As an undergraduate at Cambridge from 1961 to 1965, I did the natural sciences tripos which covered most of the science subjects of that time. I chose to do physics, mathematics, chemistry and biochemistry because I enjoyed the chemistry at school. My color blindness again made this very frustrating and my poor memory made organic chemistry a bit of a nightmare as there were many situations where guessing did not work. I remember one situation in a biochemical experiment, where I ended up with a test tube containing some nondescript fluid. I was staring at it wondering what I should see in it or if I should do something else to the contents when, suddenly, it started to change color. Instinctively, I averted my gaze just before the test tube exploded. To this day, I have no idea what happened but that episode confirmed that chemistry was not for me and that the less dangerous and less memory intensive subject of physics would be my best bet. For fun, I joined the Cambridge Climbing Club which ran a bus or minibus to Derbyshire or North Wales every weekend. I discovered I was good at rock climbing and enjoyed the thrill of being high on a cliff with almost nothing to stop a fatal fall. From that moment, climbing at weekends became like a drug and I became obsessed by the sport.

About this time my grandmother died at age ninety-two and left me a small bequest which I promptly spent on a car and the necessary insurance. With the help of my little car a typical weekend would be scheduled as: Friday evening – drive as fast as possible to Llanberis pass in North Wales or to the Lake District or, in the cold winter, to Glencoe or Ben Nevis in Scotland for the ice climbing. Climb on Saturday and Sunday, if not raining, and drive back to Cambridge late Sunday night and early Monday morning. Then I would sleep until I woke too late to go to class, thus not having any lecture notes. The weekly tutorials kept my nose to the grindstone and rescued my academic career.

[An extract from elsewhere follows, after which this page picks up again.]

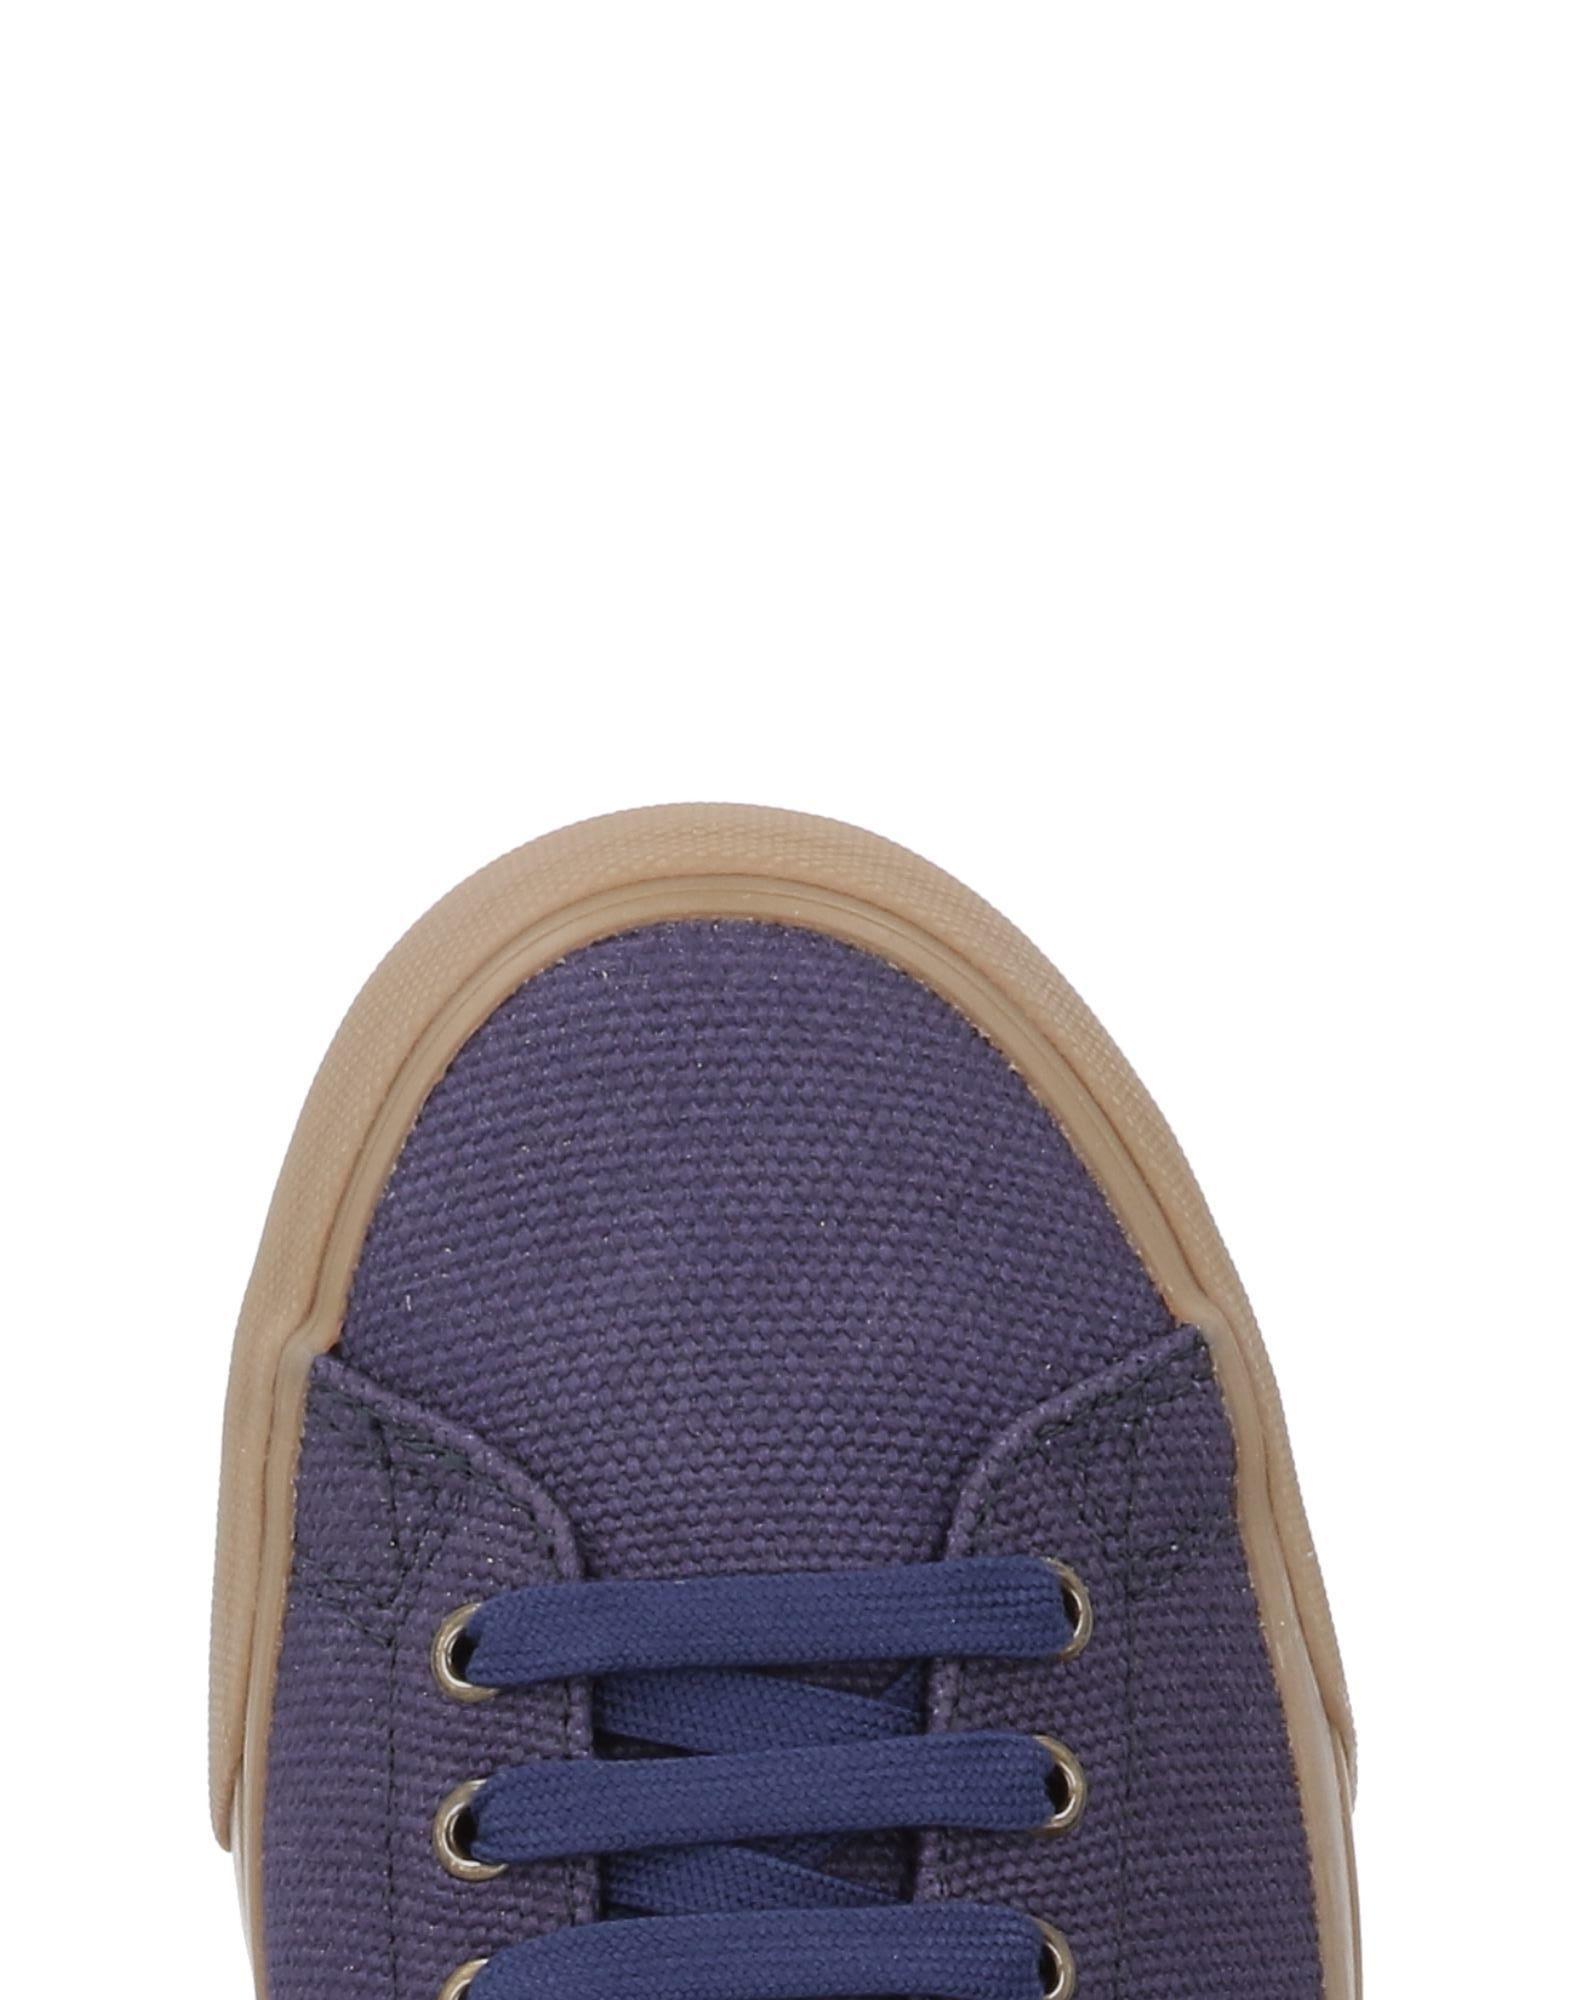 Rabatt echte Sneakers Schuhe Fred Perry Sneakers echte Herren  11495536FM e4f58e
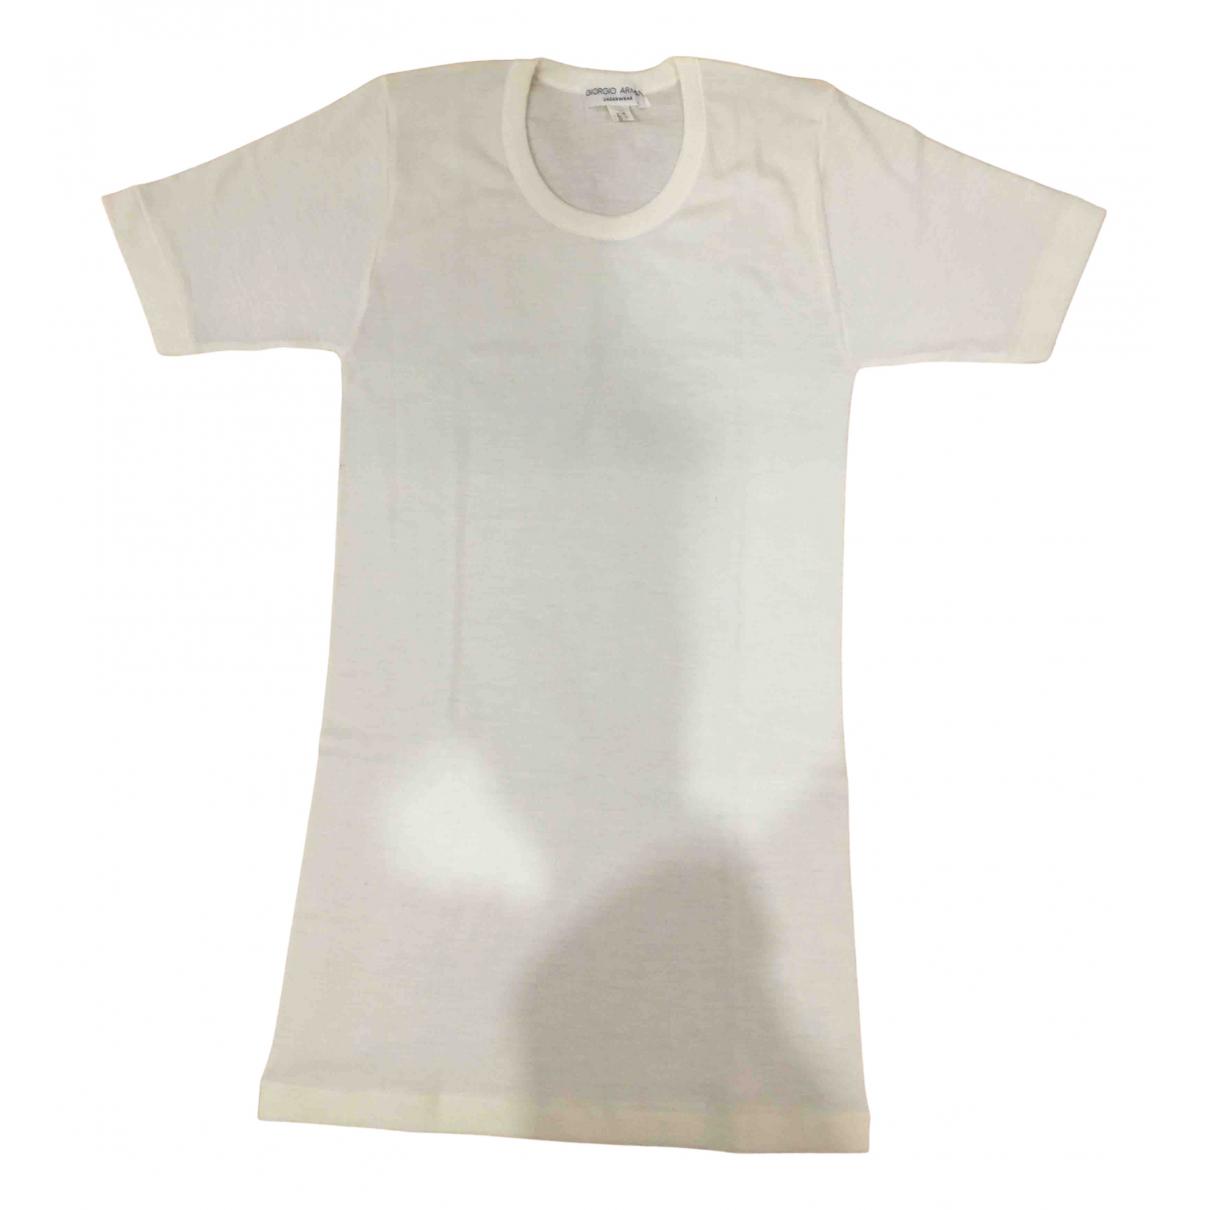 Giorgio Armani - Polos   pour homme en autre - blanc

My life settled into a routine which was close to my father’s dictum of work hard and play hard. By now Berit had become part of my weekly routine. Although she did not climb herself, she enjoyed being with me in the mountains. On Friday evening, Berit and I would jump into the car and drive as fast as possible to North Wales and Berit blames this period in our lives for causing whiplash injuries to her neck. We would return to Cambridge or Oxford late on Sunday after a hair raising race through the dark and I would try to stay awake in class until the following Friday. I would often leave for an afternoon’s climbing on some closer rocks once a week or perhaps do a bit of climbing on some nearby buildings. I had so much fun with these extra curricular activities that  I seriously neglected my studies, especially in my final year. Also, in the Part 1 exams at the end of my second year at Cambridge, I did rather well in line with the expectations of me as major scholarship holder and I now expected to obtain a first-class degree in my third year with ease.

However, I did not perform as expected in the all-important final year and ended with an upper second class degree. I am a bit surprised that I did so well because I hardly studied, nor did I attend many classes mostly because I had done so well in the first two years without studying much. I thought to myself “Michael, you are some sort of genius”, but the final year taught me differently. Shortly before the final exam, I realized that I did not know what had been in the syllabus and panicked. I borrowed lecture notes from friends as I did not have any and read and read for most of each day as I watched time passing inexorably towards the final examinations. I struggled with questions I half understood, knowing that my enjoyable undergraduate days of climbing and pubs were now exacting their price. In the summer, I went on a climbing expedition to the Peruvian Andes where I could forget my Cambridge failures.

While I was in Peru, my father arranged for me to have an extra year, 1965– 66, at Cambridge to do Part III mathematics to try to improve my disappointing performance. He was an eminent academic who well understood the importance of a Ph.D. degree. This year was a mixed success because I did not appreciate the almost rigorous approach of the applied mathematicians and physicists teaching the courses. Much of what I learned I found useful later. Unfortunately, I had not learned my lesson and my obsession with rock climbing again prevented me from spending the necessary time and effort my studies really needed. Again,  I had to be satisfied with an upper second class performance. At the end of the year, I was lucky to have the necessary qualification for graduate school at Cambridge, but not in high energy theory which I was determined to do. I was offered a position with Nevill Mott in experimental solid state physics but I turned this down in favor of an offer from Oxford in high energy theory.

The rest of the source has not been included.